CS 4300/5300

A hands-on introduction to feed-forward neural networks using Tensorflow and Keras

This is a mini crash course on using Tensorflow to develop feed-forward neural networks. It contains 10 scaffolded activities. If you already have some background in Tensorflow, Keras, and/or machine learning, you may also be interested to take the machine learning crash course that Google recently released. You may also find it helpful to often refer to this recipe for supervised learning development.

Activity 1: Practice Python3

In this activity, the task is to learn how to use Google Colab and practice Python3. If you are doing Python programming for the first time, please practice Python3 at online platforms such as codewars.org too.
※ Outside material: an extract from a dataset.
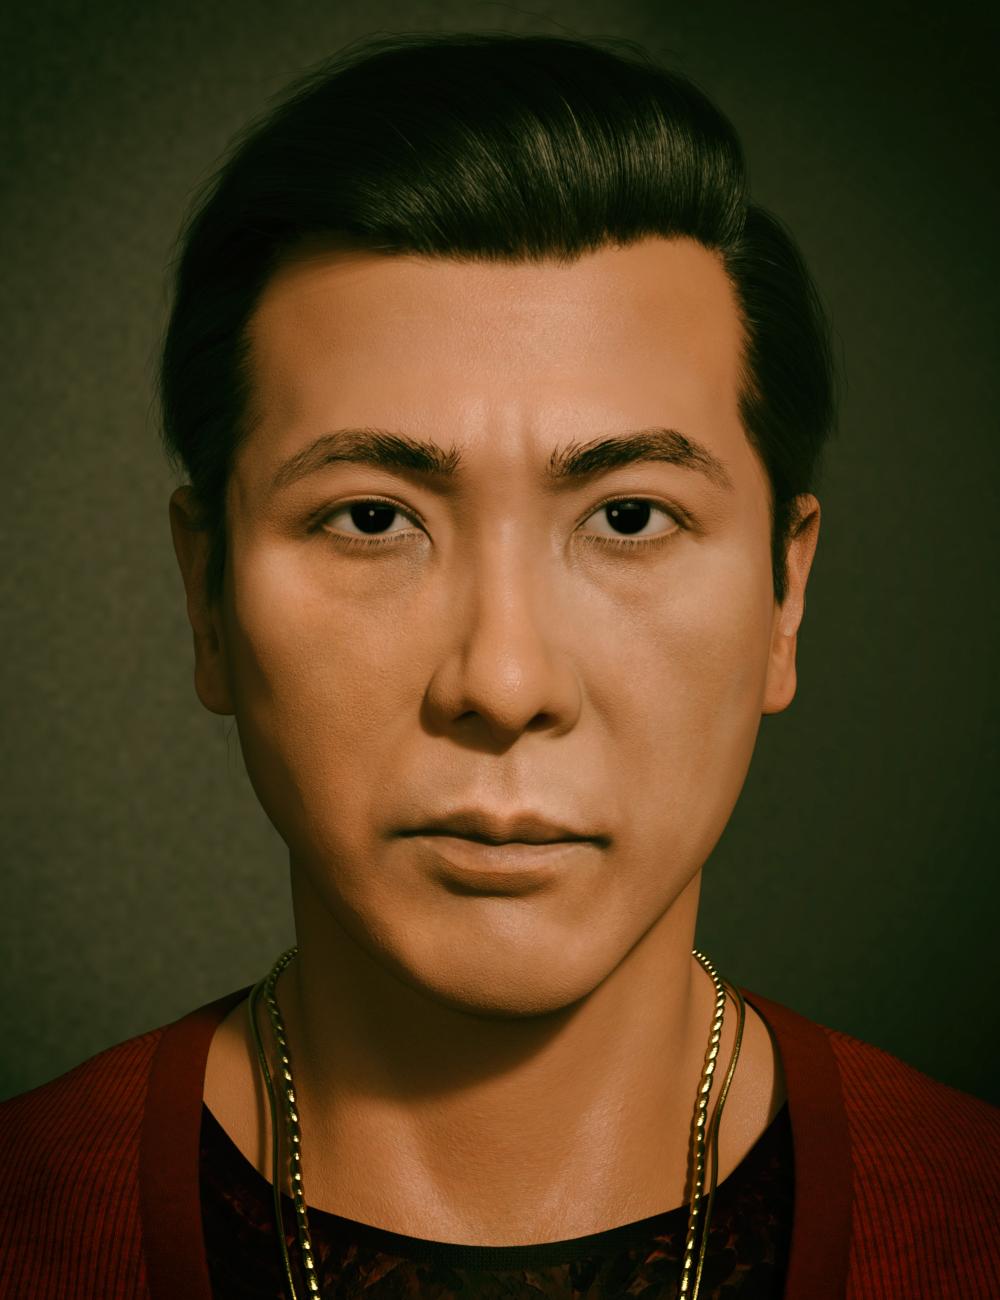 Zhen HD for Genesis 8.1 Male by: Goanna, 3D Models by Daz 3D

If you fear learning new things (including Python3) you are welcome to take the Learning How to Learn course, the world’s most popular online course.

Lectures: Google Colab and Python3
Notebooks: Python3
Alternatives to Google Colab: Kaggle Notebooks, Local Installation

Activity 2: Practice Numpy, Matplotlib, and Pandas

In this activity, the task is to practice Numpy, Matplotlib, Plotly, Pandas for basic data analysis, and techniques of data cleaning and data normalization.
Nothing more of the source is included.